Part 2: Now with… no feeling in my arms due to all the typing!

Posted by | Posted in Game Development, GLSLPlanet, Pioneer | Posted on 20-04-2013

I should have made this clear from the outset but these posts aren’t a description of the “best way” to do anything, they’re more akin to documenting how we currently ARE doing things.

There’s a great deal of information out there on how these things can work but with Pioneer you can grab the source code and actually see it in progress. There’s great value in getting hold of something, testing it, debugging it, making changes and watching it blow up in your face ;)

Previously:

In Part 1 I gave a very basic description but at no point did I attempt to explain things at the code level… and I’m not going to get too close to it during this series but I’ve got to get at least a little more familiar because some parts just don’t make any sense at first.

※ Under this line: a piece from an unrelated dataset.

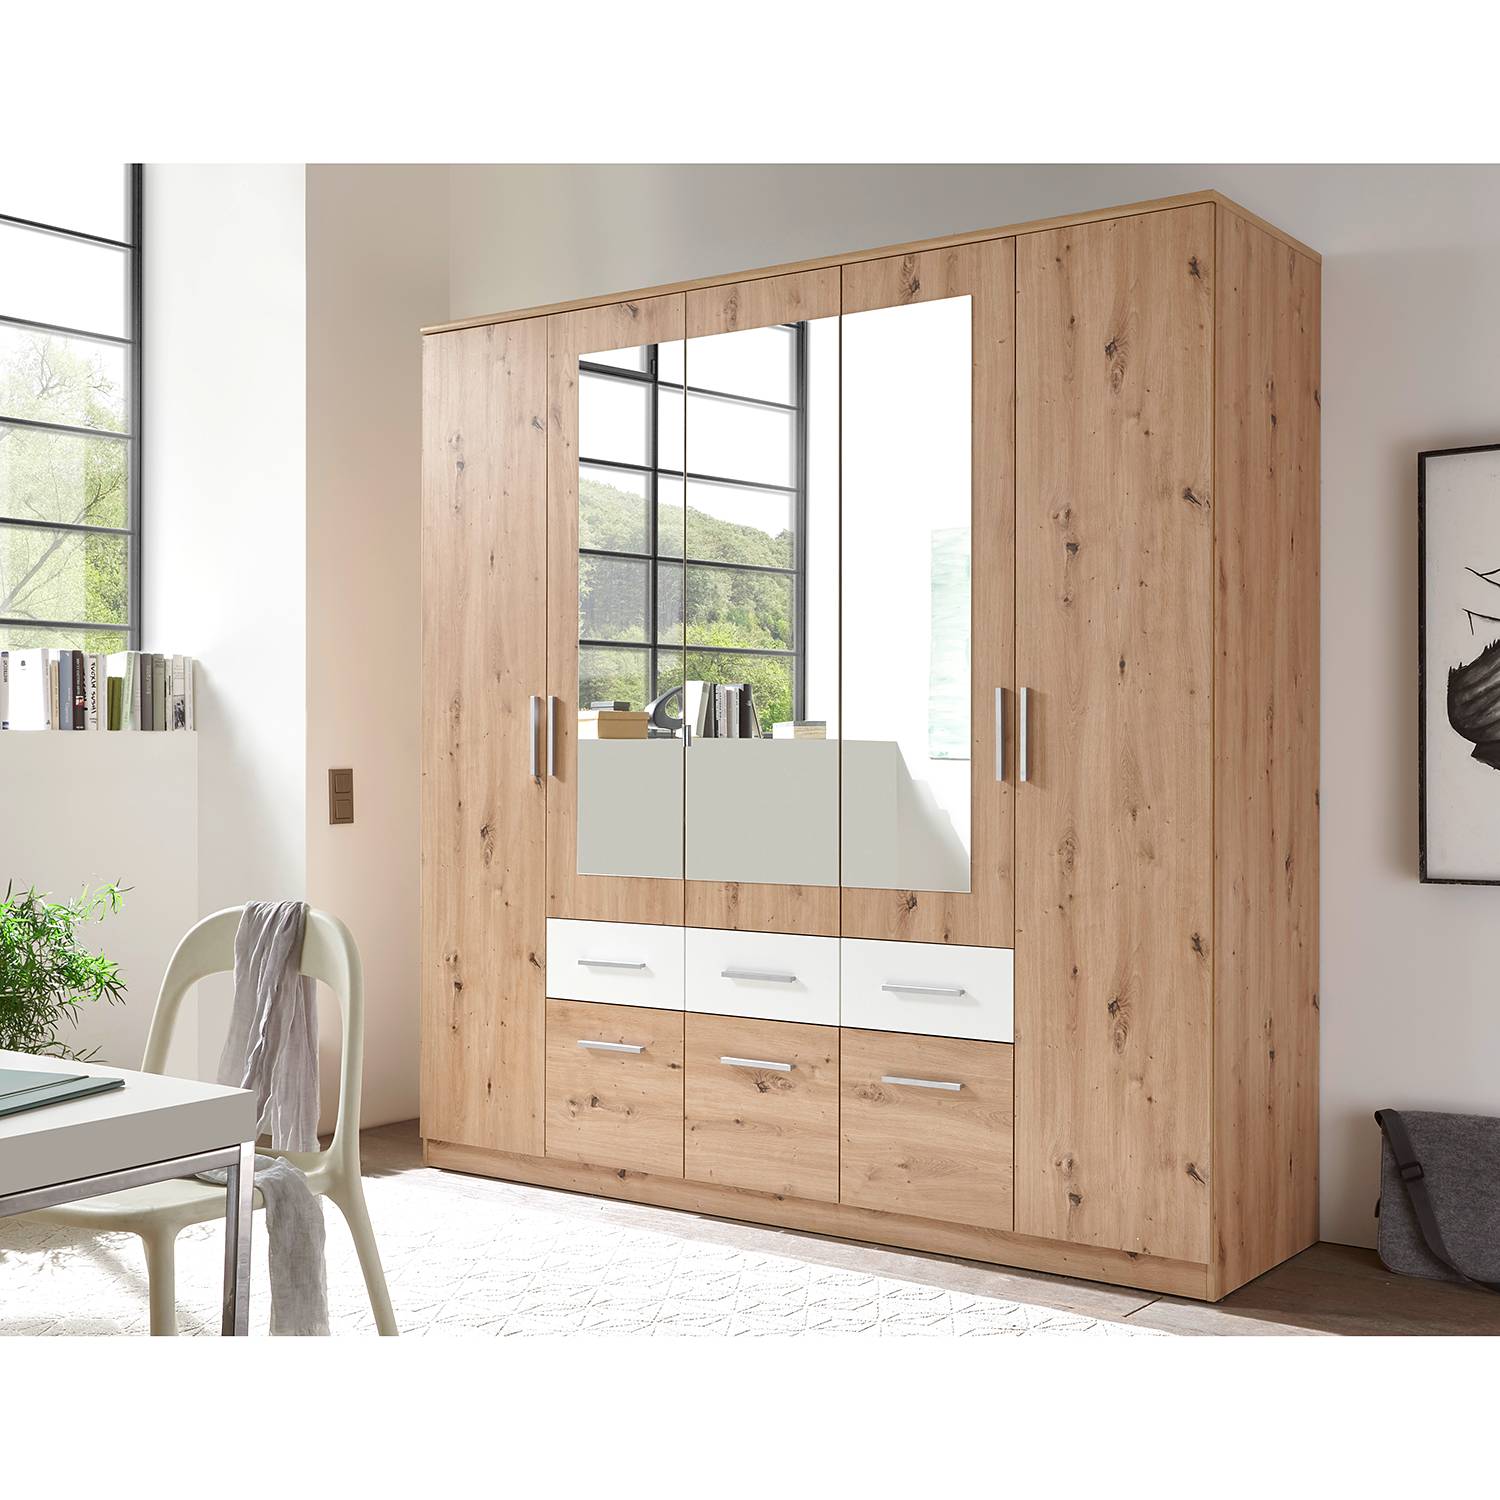 Image of Armoire Gainford 000000001000212364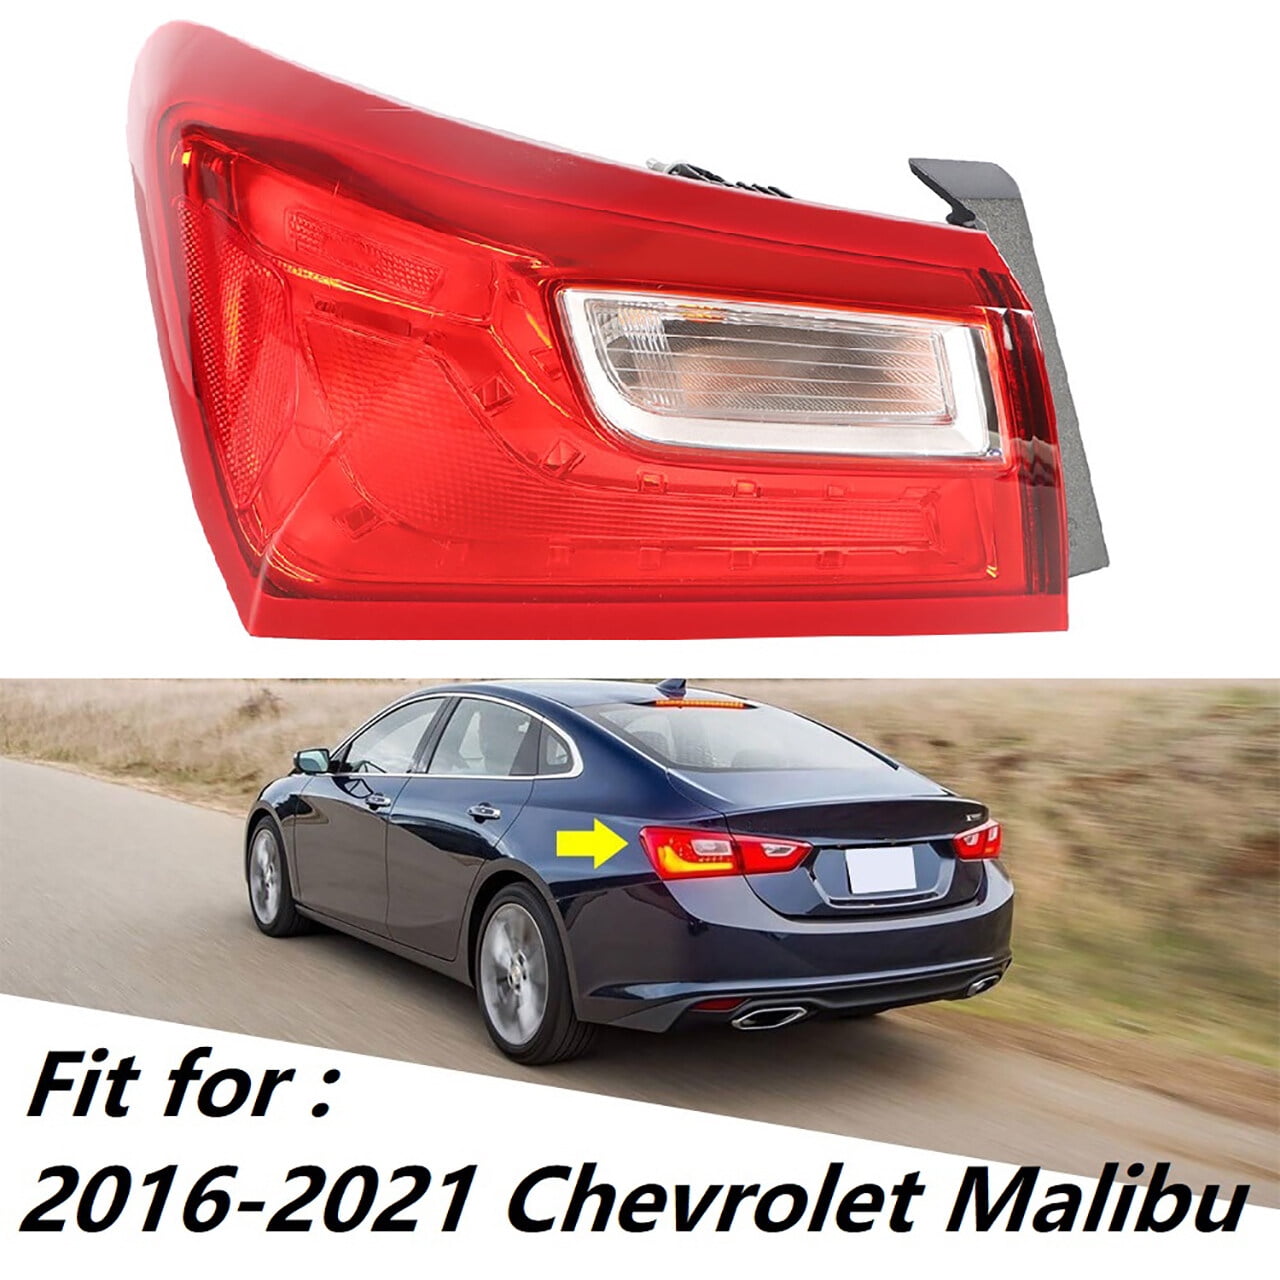 Rear Tail Light Lamp Housing Assembly Fit for Chevrolet Malibu

What does this do and why does it do it?:

One of the first things you see with the “GeoSphere” code leading up to, and including, the Alpha 33 release is that it’s entirely contained in just two files which are several thousand lines long and full of some nasty complex looking code. This is an unfortunate side effect of the way it’s evolved. At one point it might have been reasonably clean but as with all things they get added too and so the complexity grows along with the sheer amount of code in a single file. Eventually you just have to prune it back but with these situations you first have to understand what’s going on before you can do that pruning and splitting up of files. The complexity means that no-one understands the system and deciphering it becomes the large part of the burden so the situation is rarely resolved.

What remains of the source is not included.